Every line below from the one containing "Babette's Feast and" through the one containing "Don&rsquo;t forget, your" is to be printed exactly, with the pictures omitted.

**The data:**
════════════════════
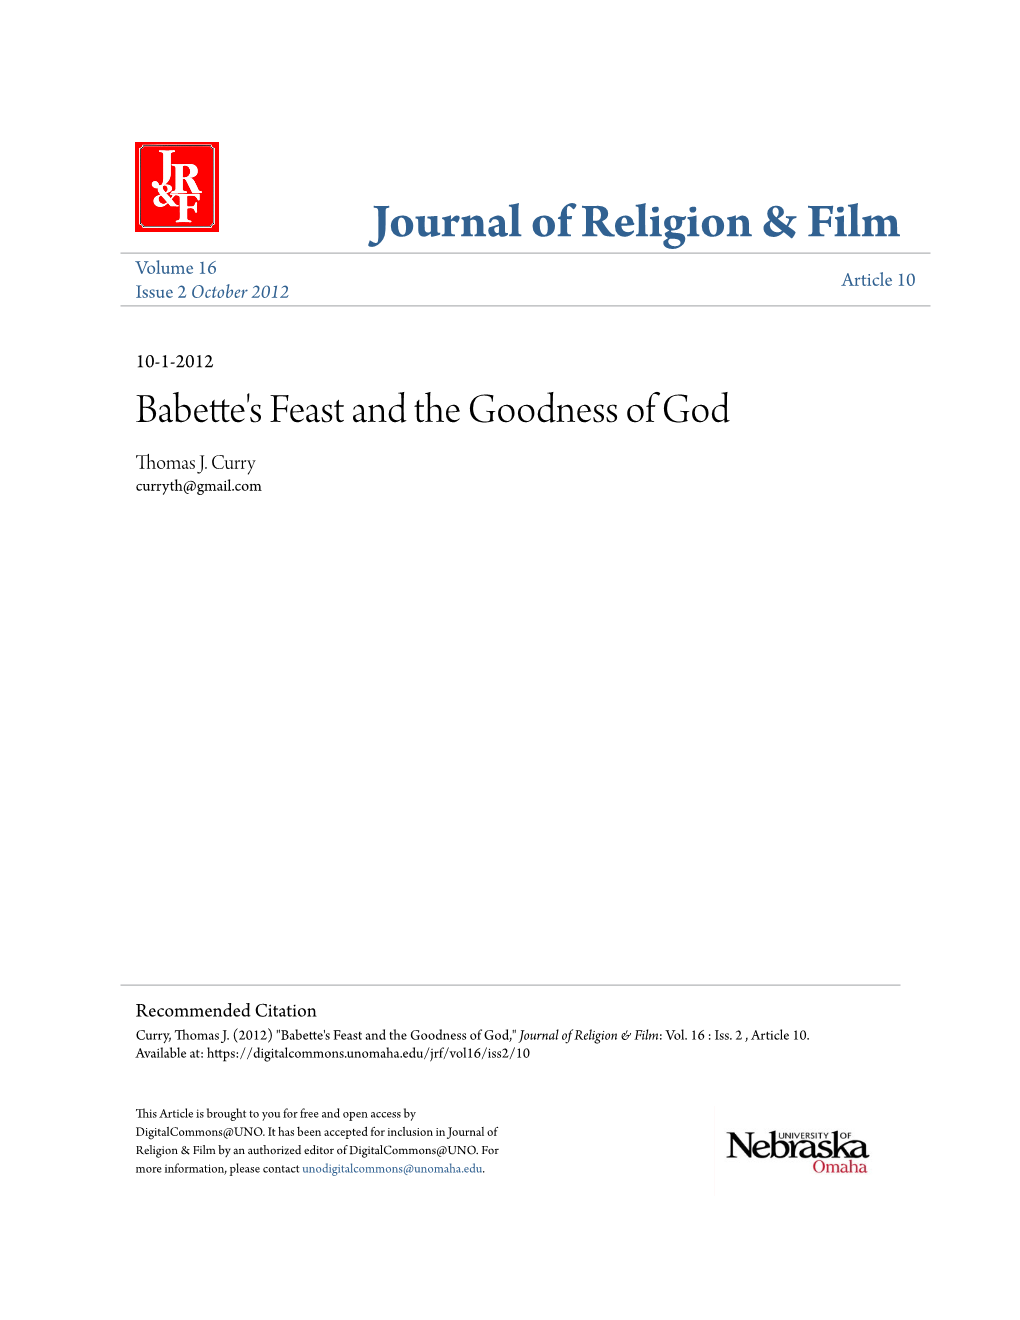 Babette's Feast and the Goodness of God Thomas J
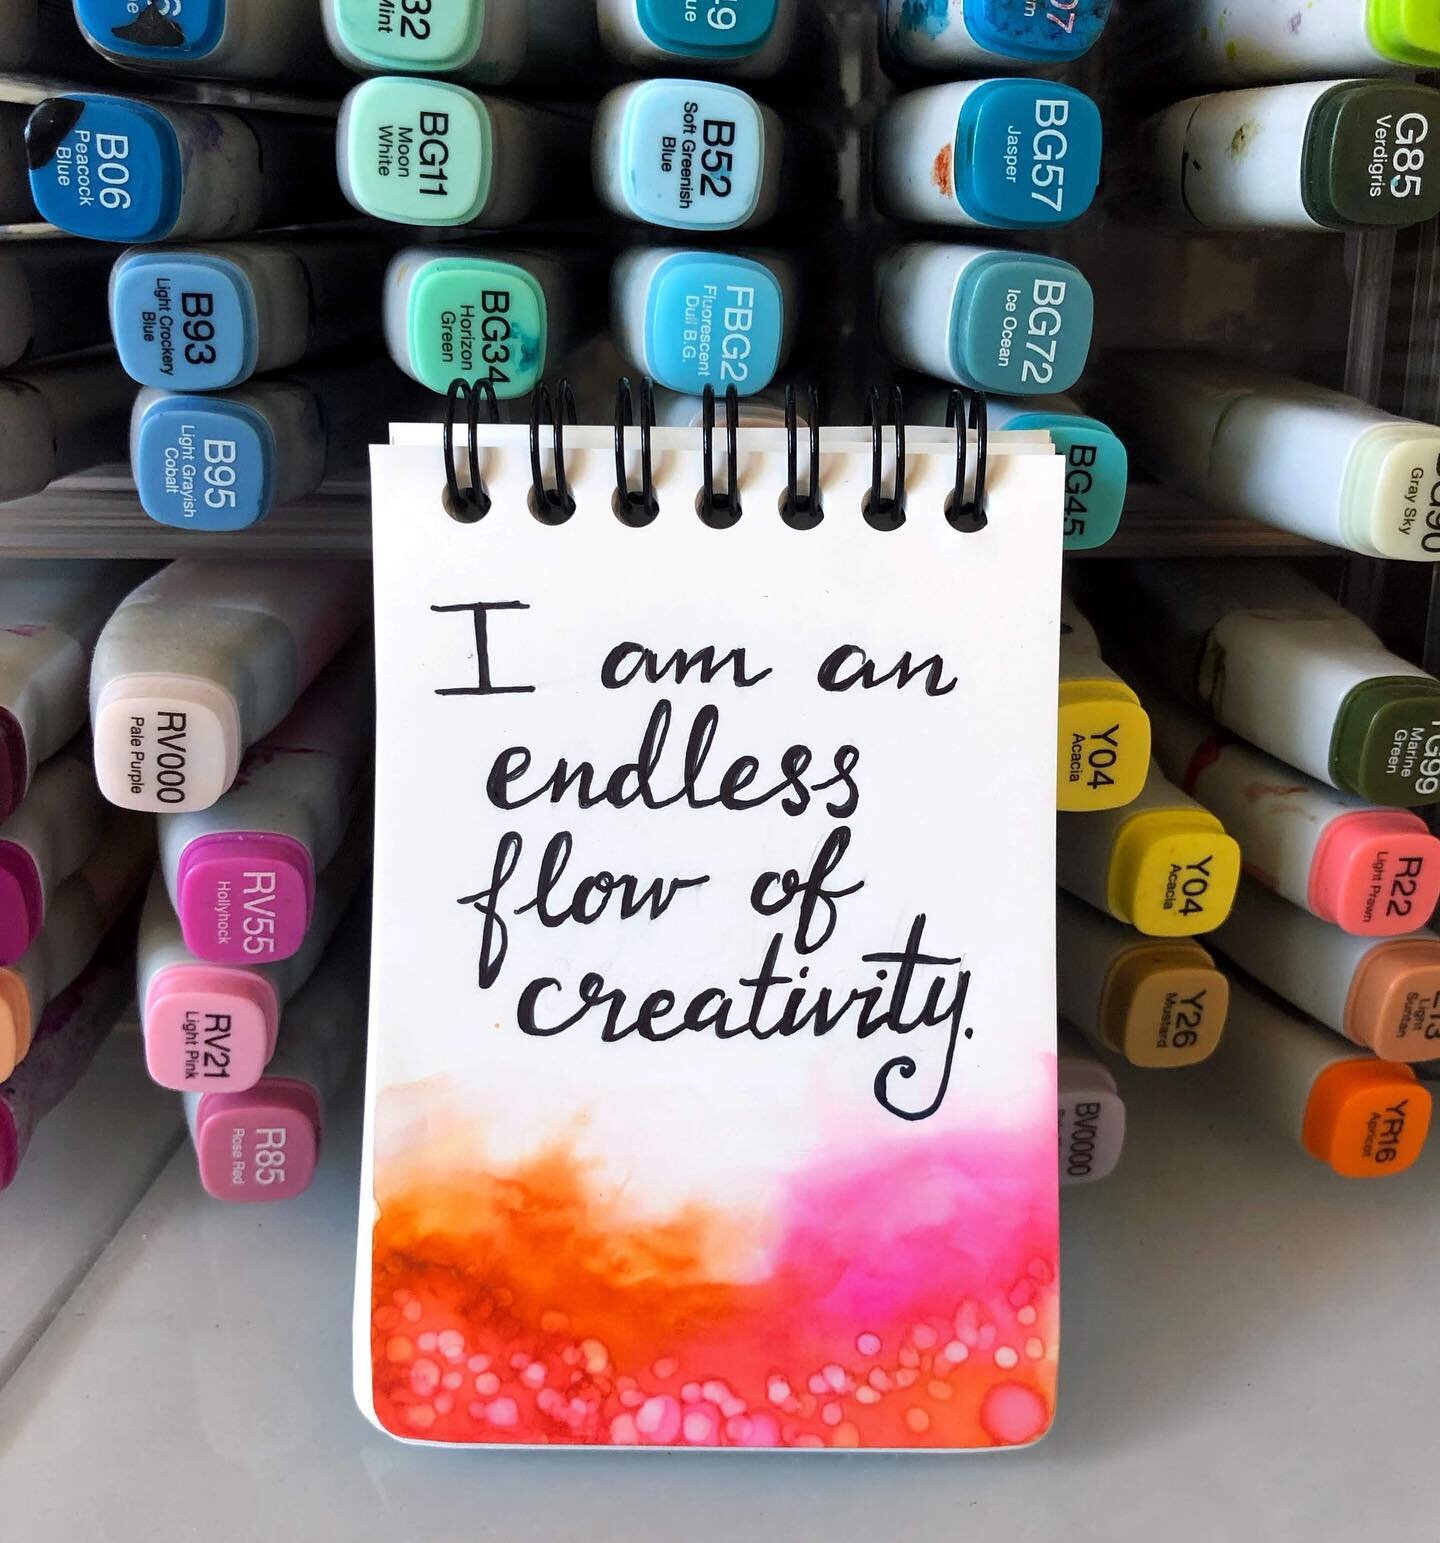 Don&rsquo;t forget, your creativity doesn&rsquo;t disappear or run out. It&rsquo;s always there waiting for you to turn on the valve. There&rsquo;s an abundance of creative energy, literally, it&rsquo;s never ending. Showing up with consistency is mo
════════════════════
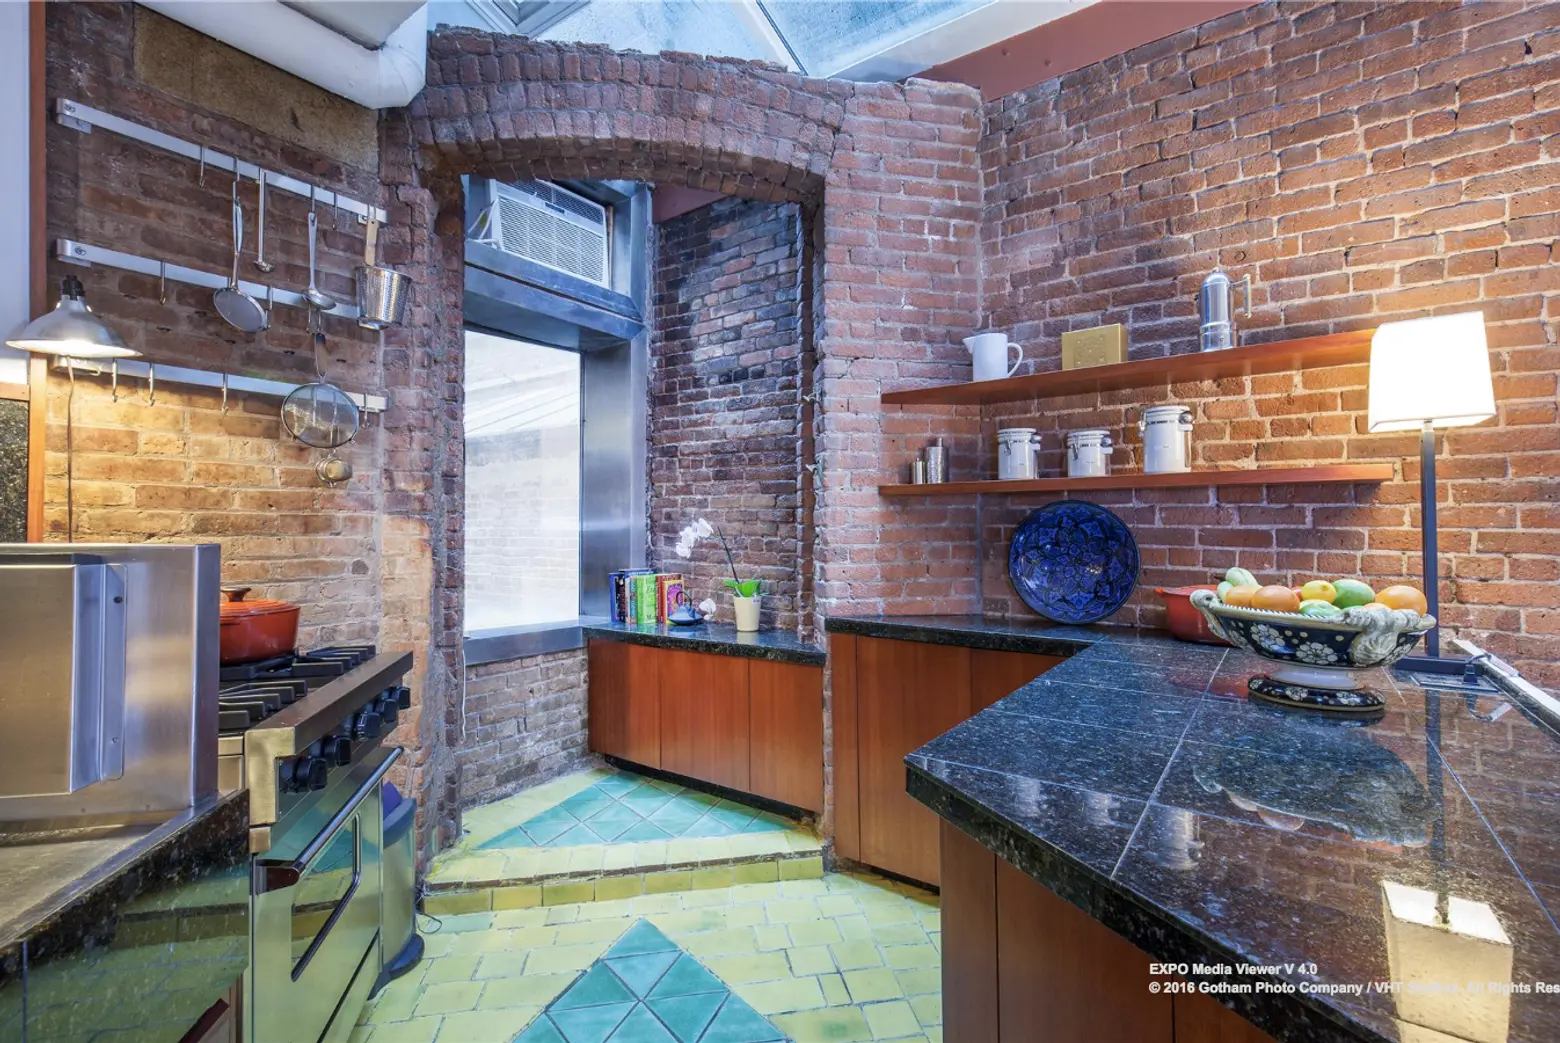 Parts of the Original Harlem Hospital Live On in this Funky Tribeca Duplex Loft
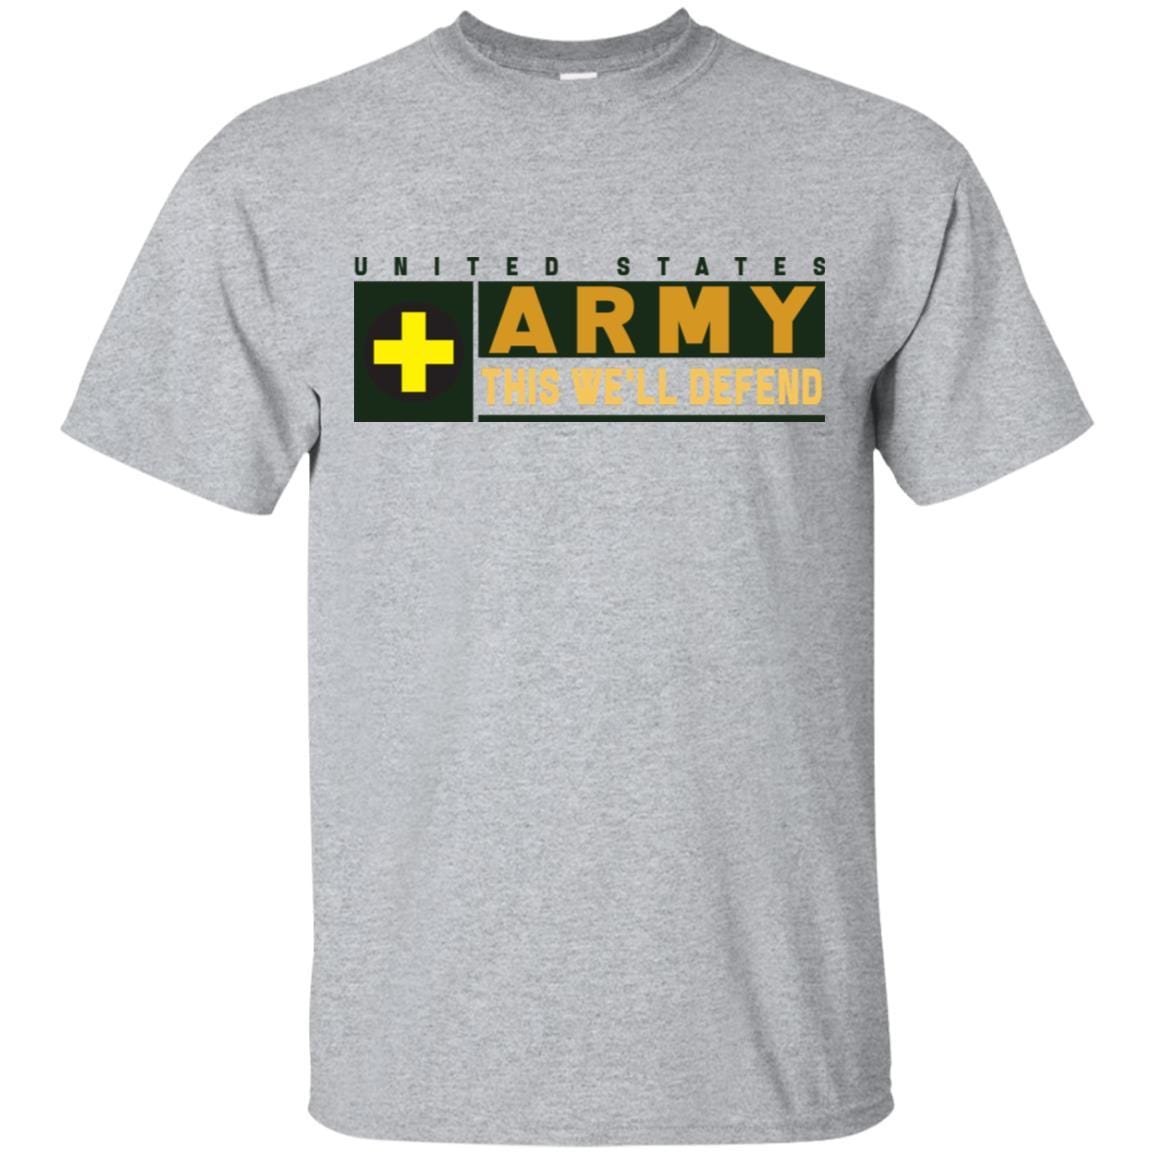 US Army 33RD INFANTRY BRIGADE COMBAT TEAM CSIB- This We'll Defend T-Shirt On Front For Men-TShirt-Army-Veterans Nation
════════════════════
**Expected answer:**
 Babette's Feast and the Goodness of God Thomas J
 Don&rsquo;t forget, your creativity doesn&rsquo;t disappear or run out. It&rsquo;s always there waiting for you to turn on the valve. There&rsquo;s an abundance of creative energy, literally, it&rsquo;s never ending. Showing up with consistency is mo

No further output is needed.